Falcon quarantine is enabled through Prevention policy settings . Specifically, administrators configure Next-Gen Antivirus settings, prevention sliders, and the quarantine-related controls within the prevention policy assigned to the host. General Settings are used for tenant-wide administrative settings such as RTR MFA, not endpoint file quarantine behavior. Manual file deletion is not Falcon quarantine and lacks the controlled evidence-preserving workflow of a security product. System restore is an operating system recovery feature and is unrelated to Falcon policy enforcement. The course guide frames quarantine as part of the prevention policy stack: Falcon must first detect and prevent a malicious file, then the policy determines whether the file is quarantined on the host.

The correct troubleshooting step is to check the CrowdStrike Windows Sensor log file for errors. Falcon sensor uninstall and maintenance operations are protected processes, especially when uninstall protection or tamper protection is enabled.
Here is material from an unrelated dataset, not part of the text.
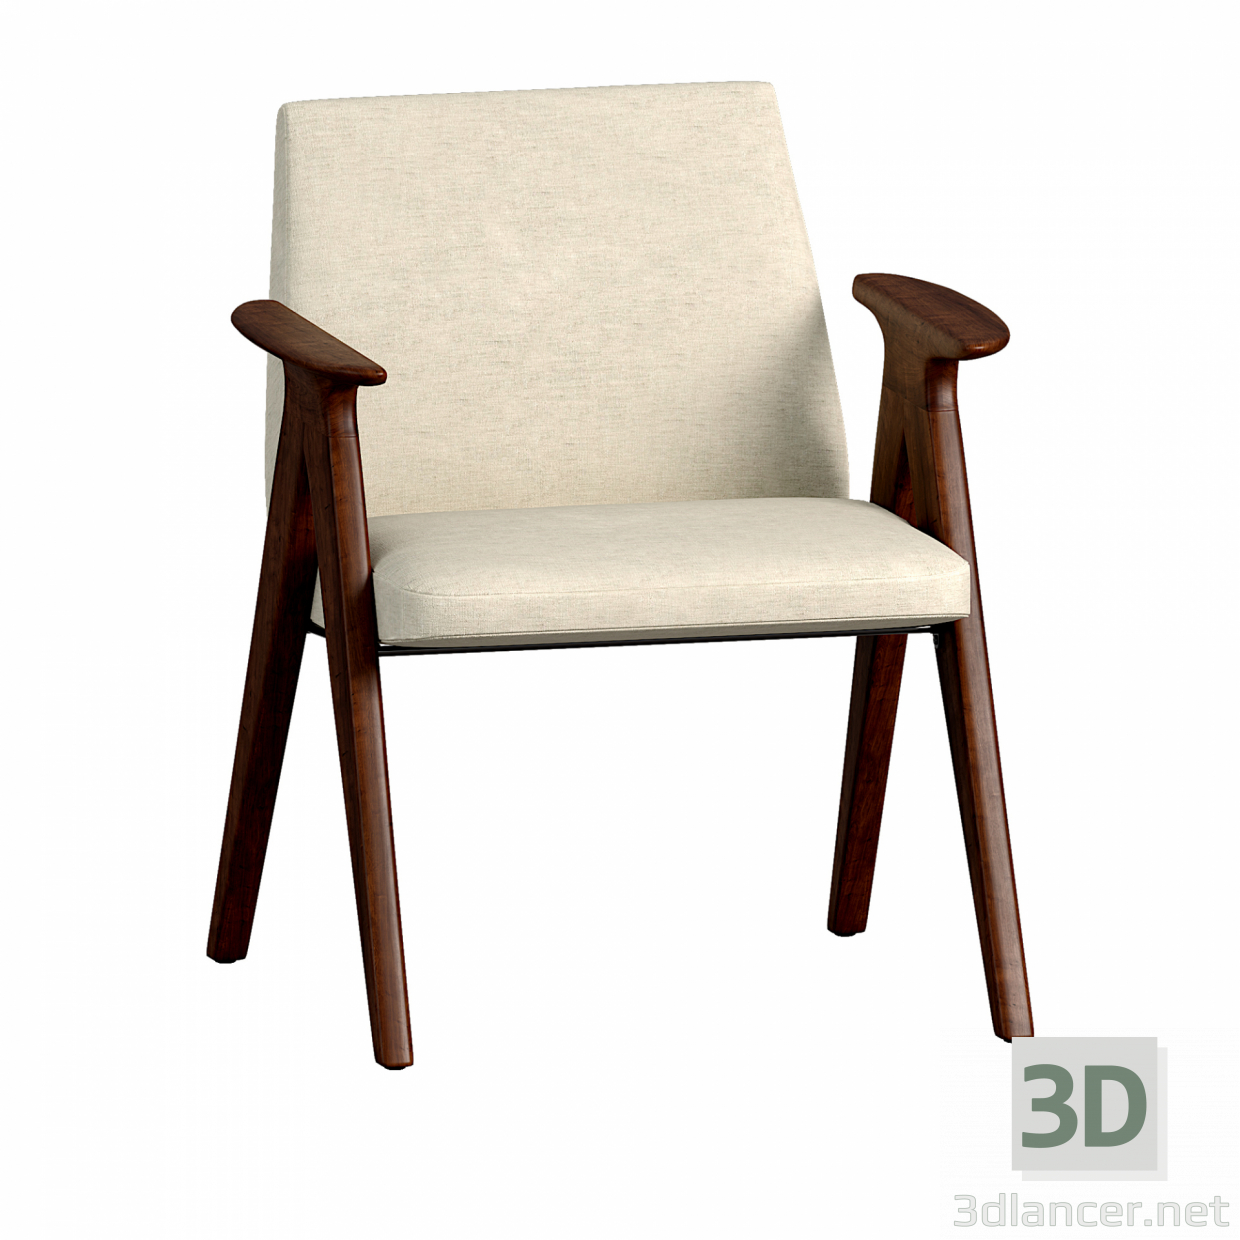 3d Libera armchair model buy - render

Force-stopping services or deleting directories manually can damage the installation, leave drivers or services in an inconsistent state, and complicate remediation. Rebooting may be necessary in some cases, but it should not be the first diagnostic action when the uninstall appears stuck. The Windows sensor deployment guidance directs administrators to review sensor logs when installation, connection, or uninstall behavior is abnormal. Logs provide the error context needed to determine whether the issue is a token, policy, service dependency, installer state, or connectivity problem.